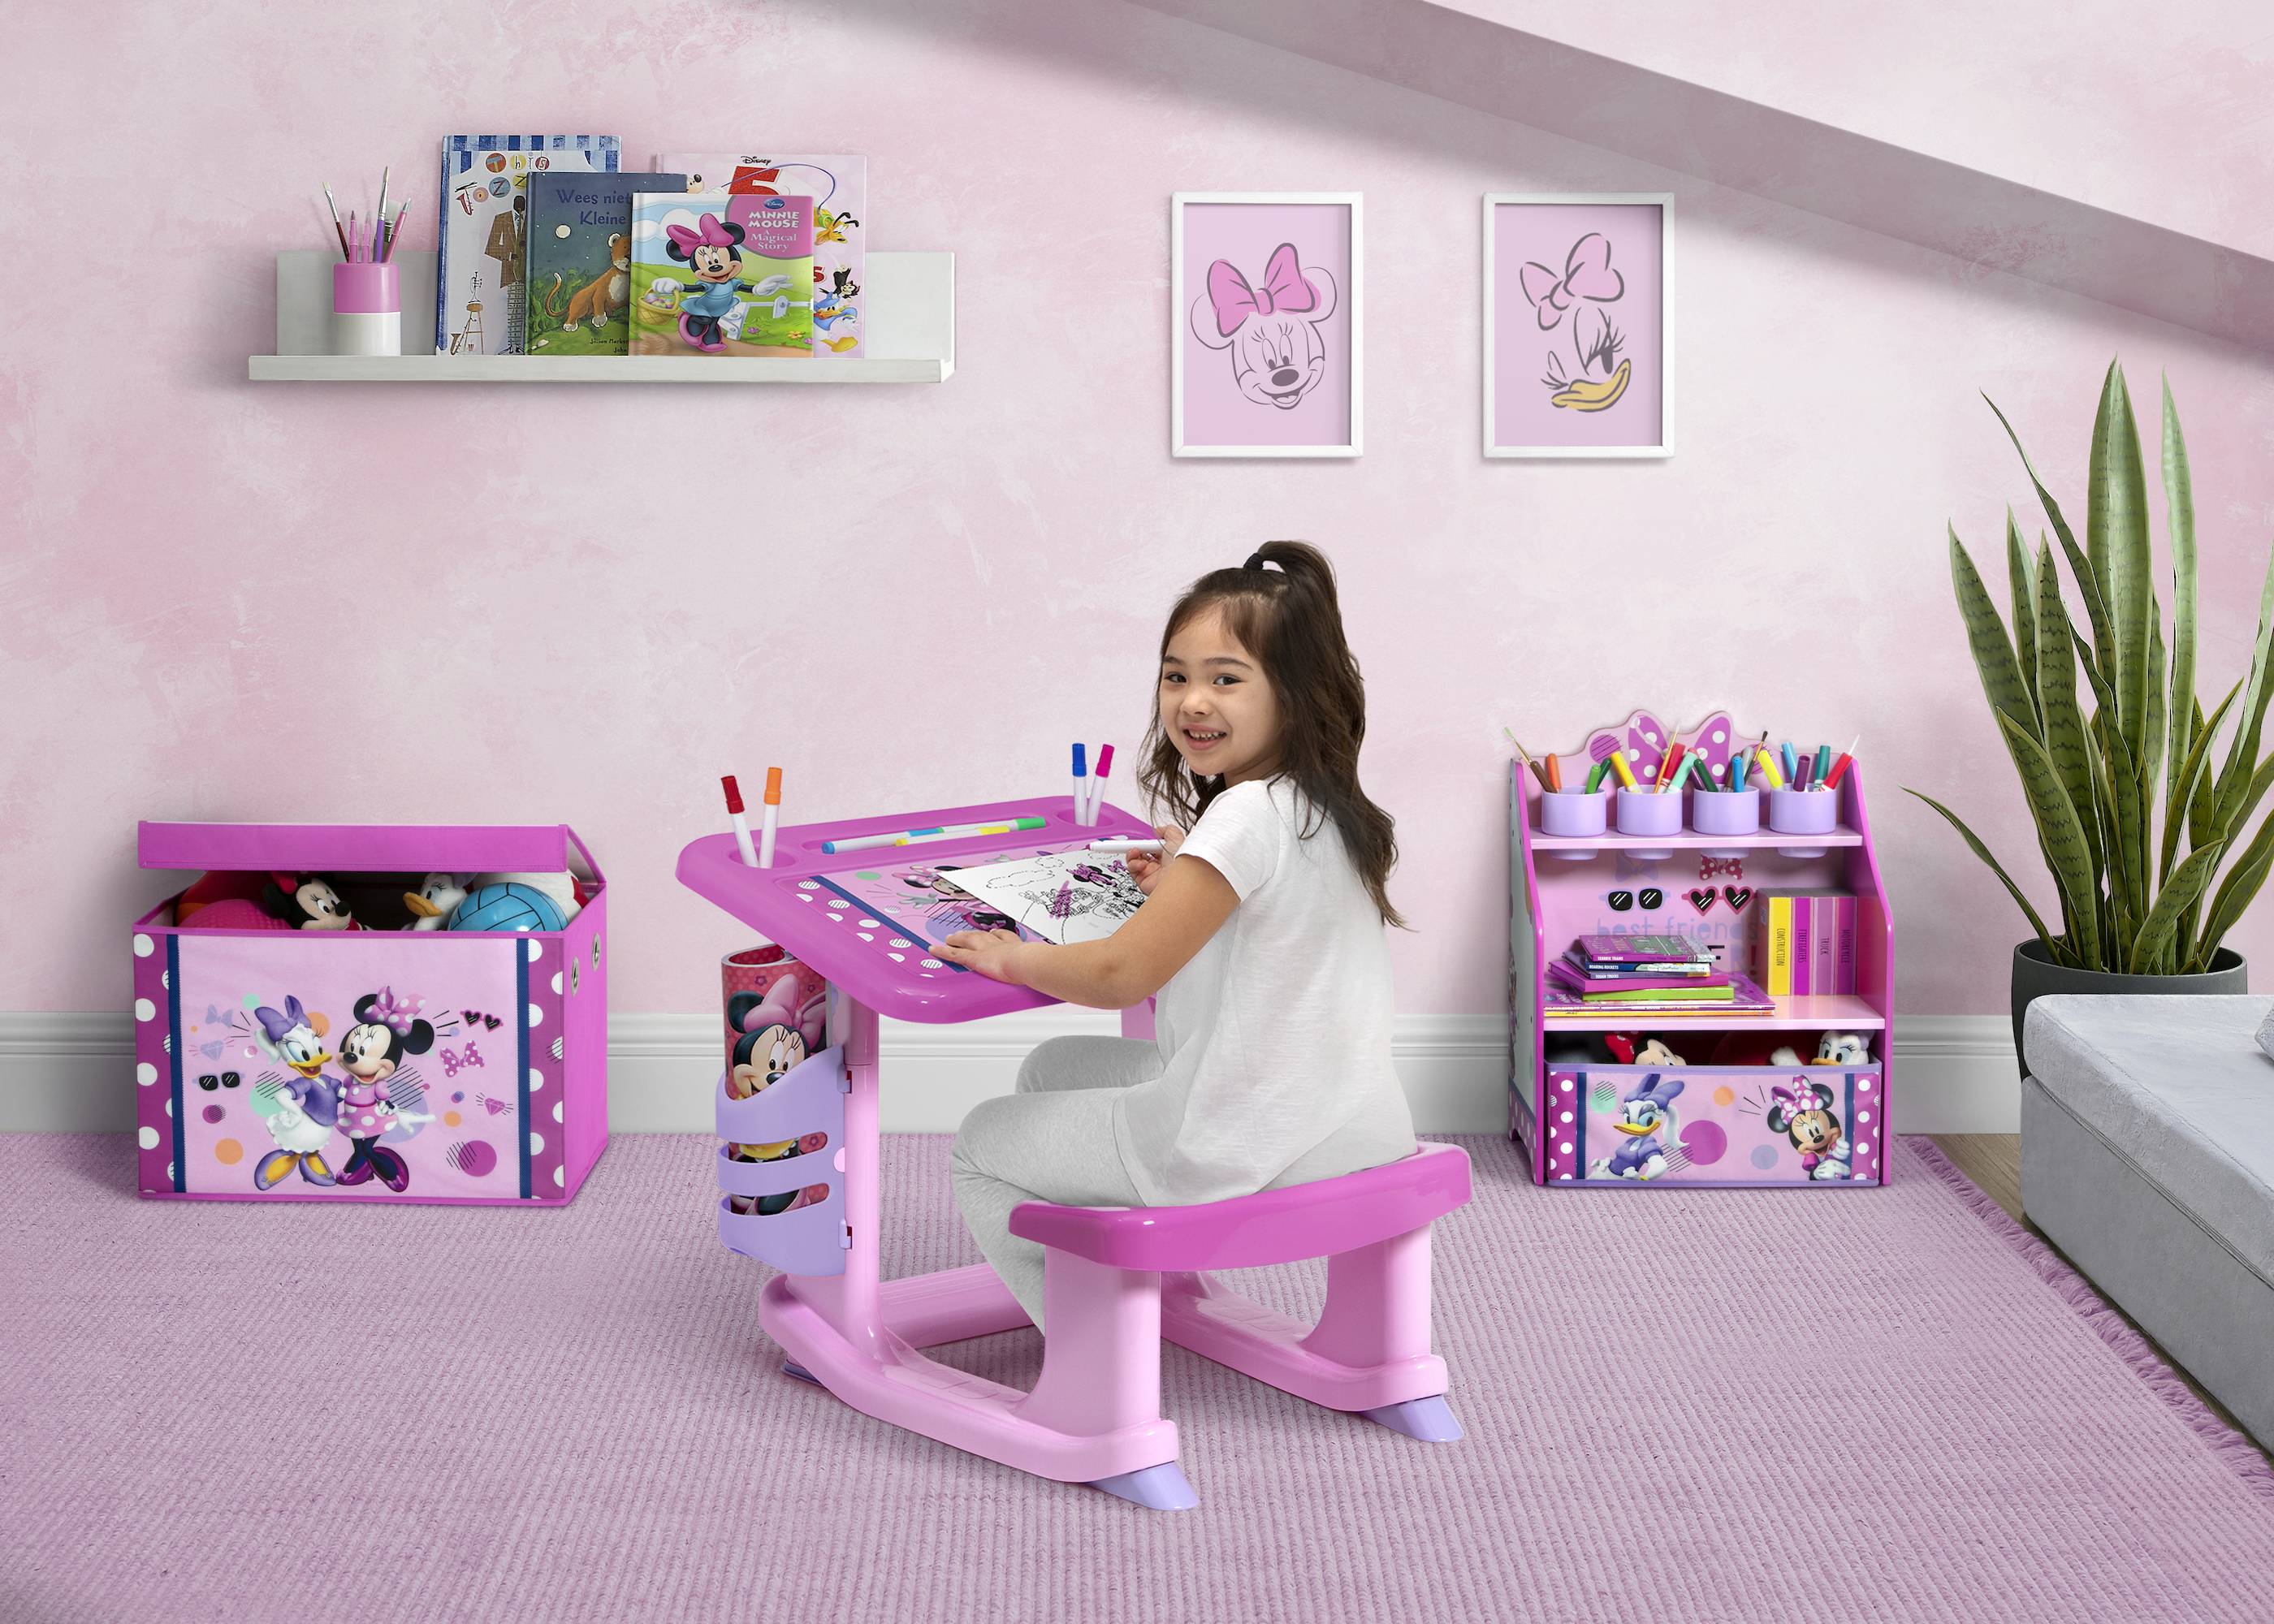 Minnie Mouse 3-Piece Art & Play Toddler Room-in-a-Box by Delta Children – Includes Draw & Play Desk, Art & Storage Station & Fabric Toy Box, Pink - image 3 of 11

********************

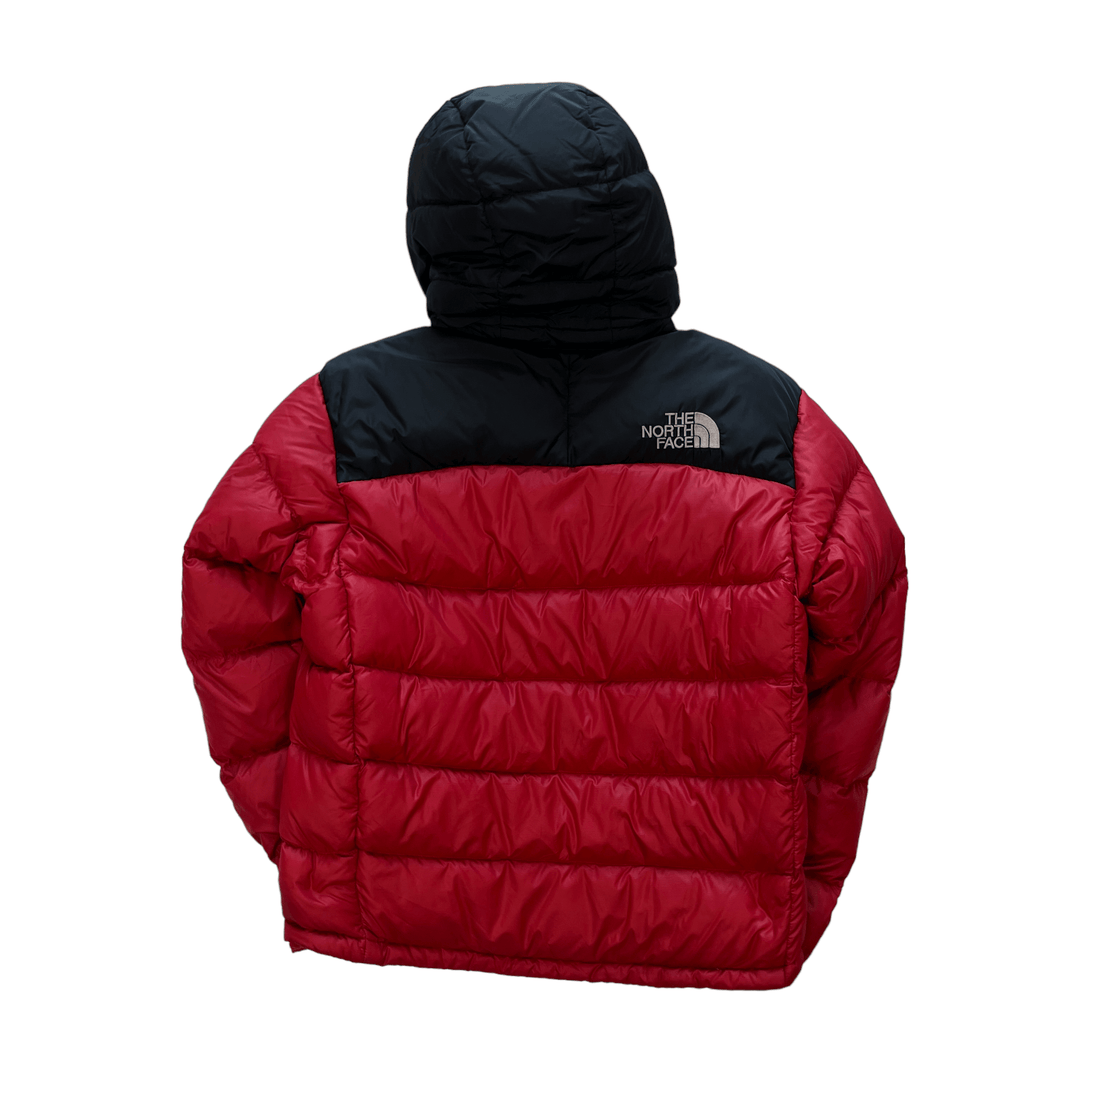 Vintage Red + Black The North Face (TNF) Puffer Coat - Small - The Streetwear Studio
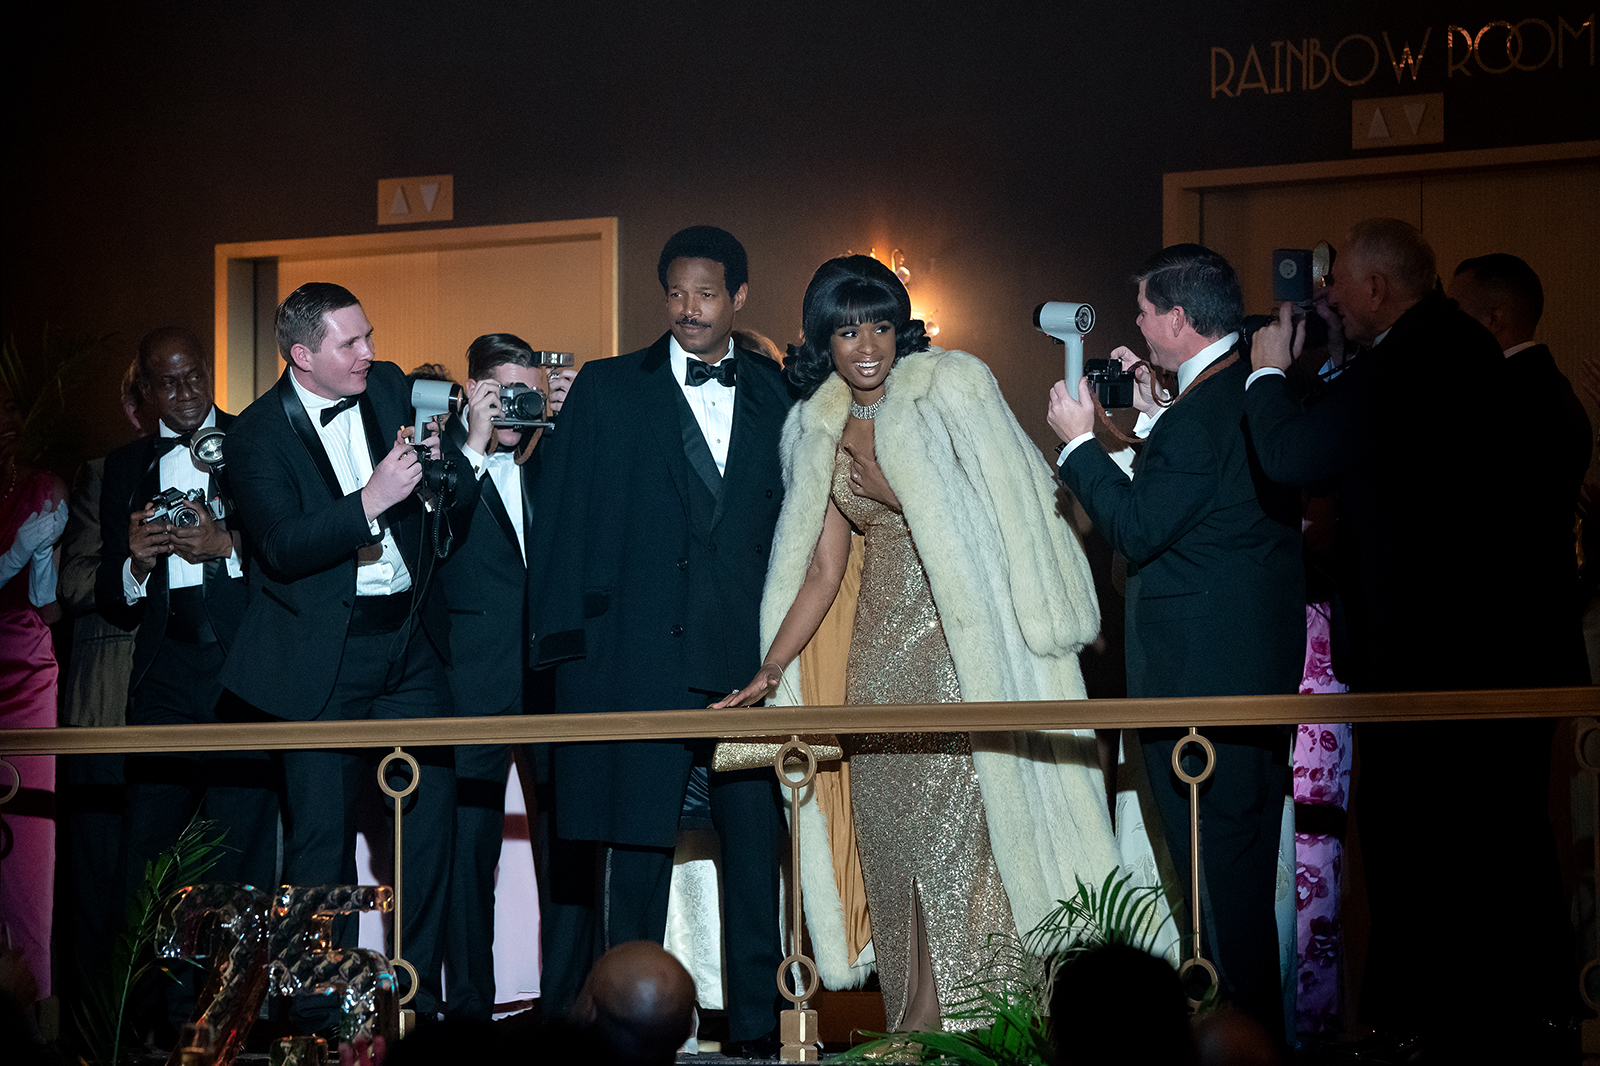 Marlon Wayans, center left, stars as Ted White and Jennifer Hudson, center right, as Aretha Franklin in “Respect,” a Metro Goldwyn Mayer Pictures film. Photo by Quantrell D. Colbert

********************

**THE PROBLEM**.
Pictures excluded, transcribe the listing above exactly from the line with "Vintage Red +" through the line with "Marlon Wayans, center", and no further.

**SOLUTION TO THIS EXERCISE**.
 Vintage Red + Black The North Face (TNF) Puffer Coat - Small - The Streetwear Studio
 Marlon Wayans, center left, stars as Ted White and Jennifer Hudson, center right, as Aretha Franklin in “Respect,” a Metro Goldwyn Mayer Pictures film. Photo by Quantrell D. Colbert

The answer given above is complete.